**Exercise requirements**
Leaving out the images, repeat all the lines below exactly.

**Information supplied**
Segment Open
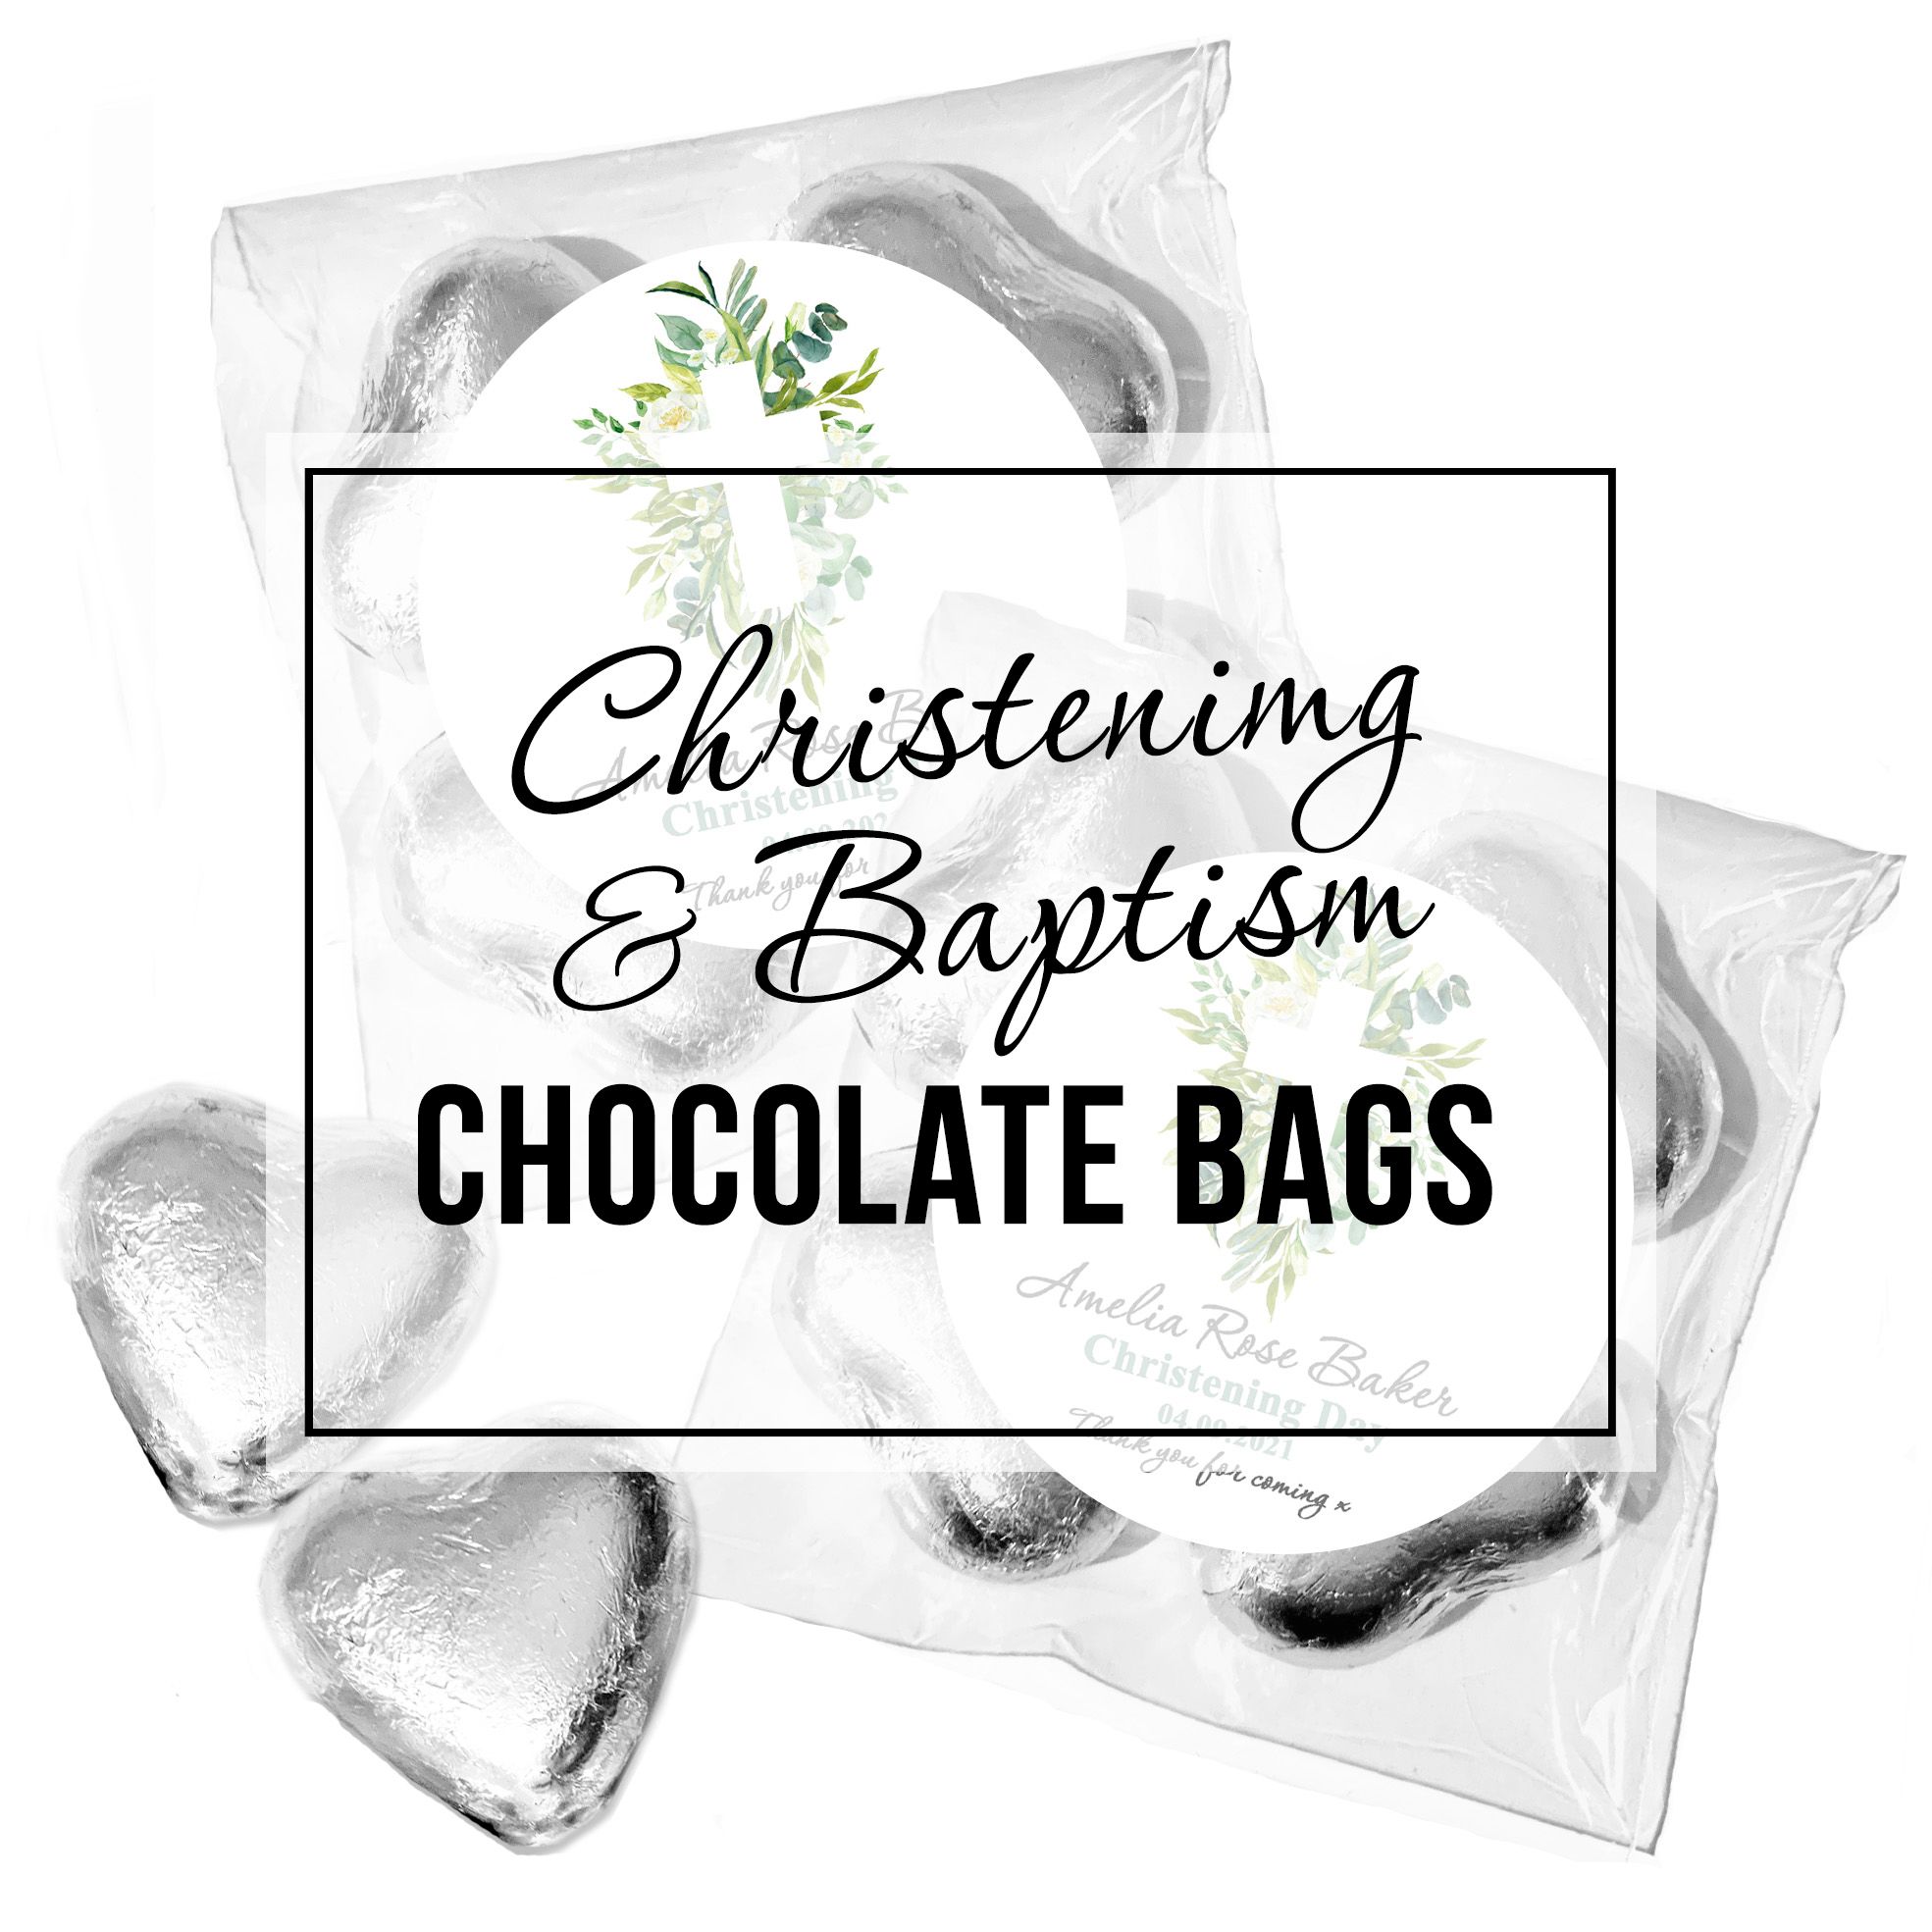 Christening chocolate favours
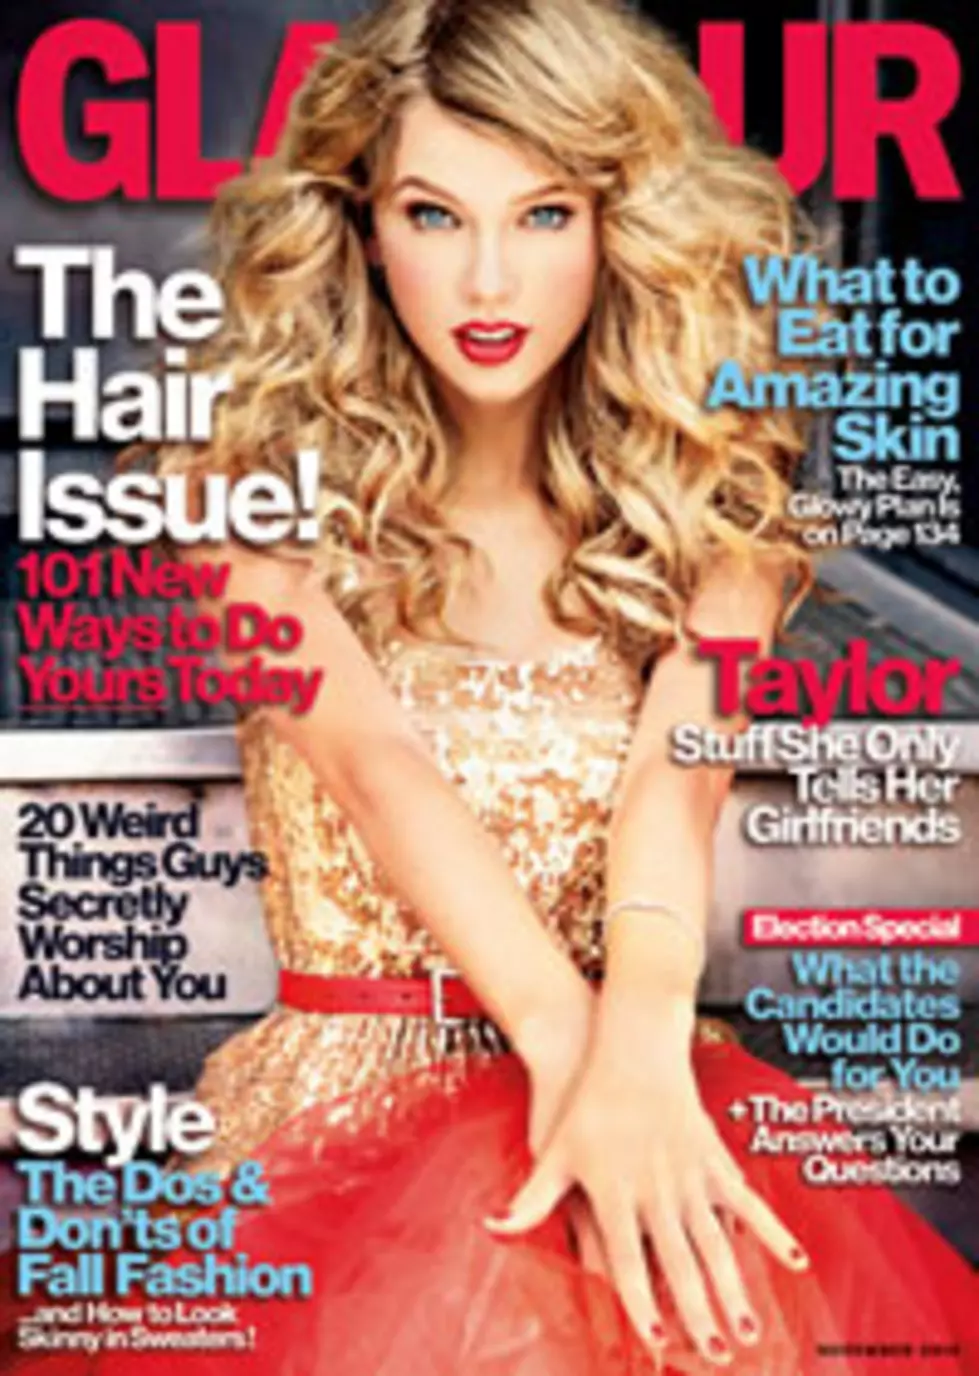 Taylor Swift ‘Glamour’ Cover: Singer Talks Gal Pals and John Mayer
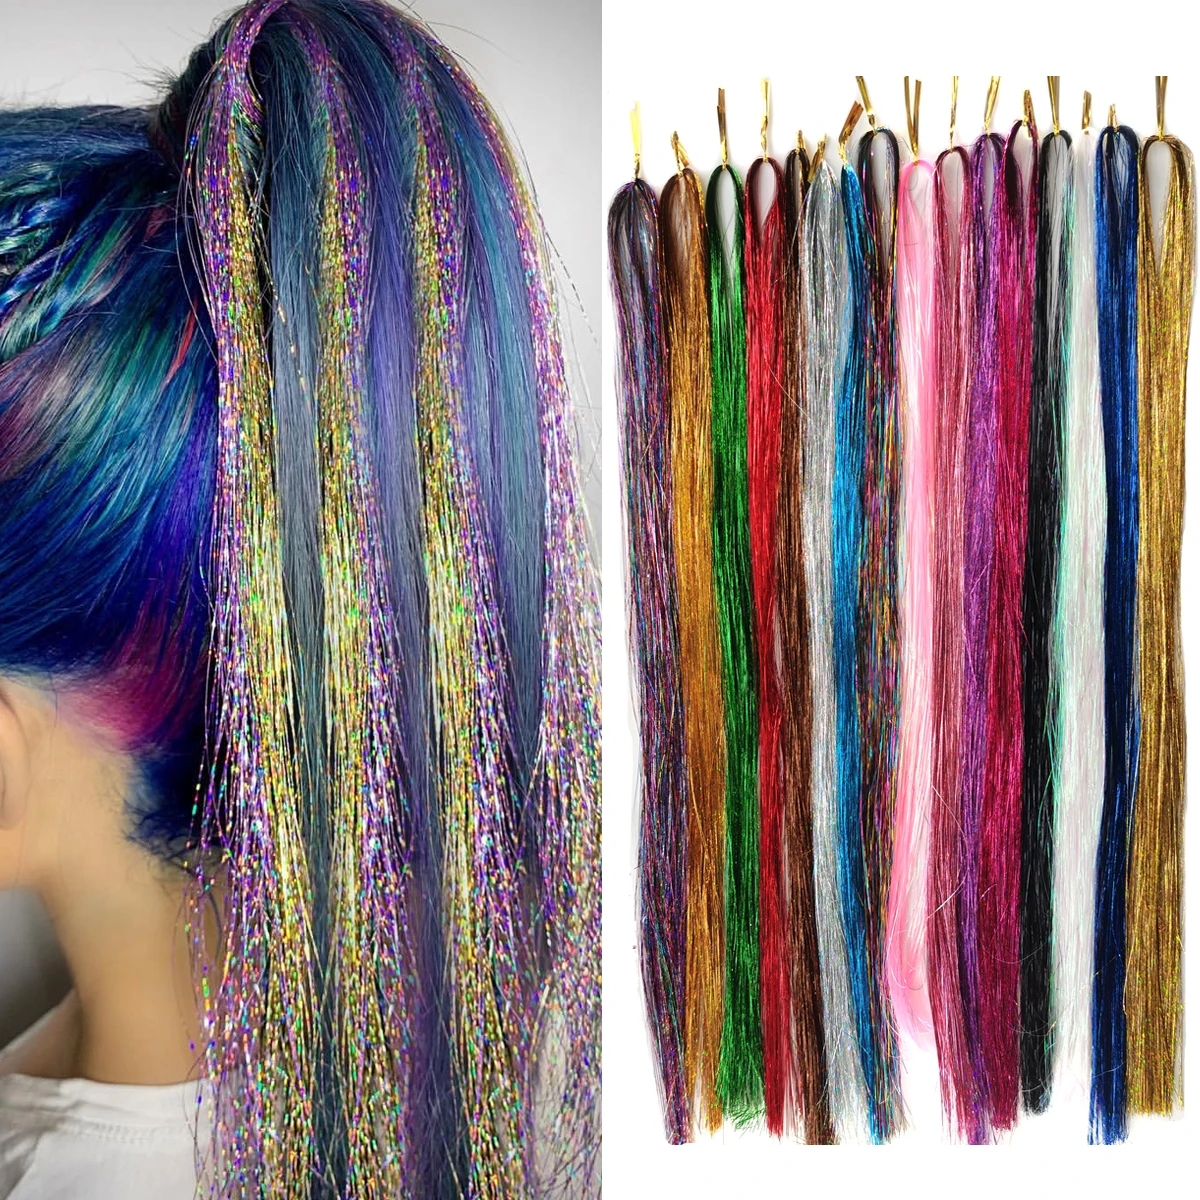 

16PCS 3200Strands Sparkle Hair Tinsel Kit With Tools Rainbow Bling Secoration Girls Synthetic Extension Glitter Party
Segment Closed
**Answer to the problem**
 Christening chocolate favours
 Taylor Swift ‘Glamour’ Cover: Singer Talks Gal Pals and John Mayer

16PCS 3200Strands Sparkle Hair Tinsel Kit With Tools Rainbow Bling Secoration Girls Synthetic Extension Glitter Party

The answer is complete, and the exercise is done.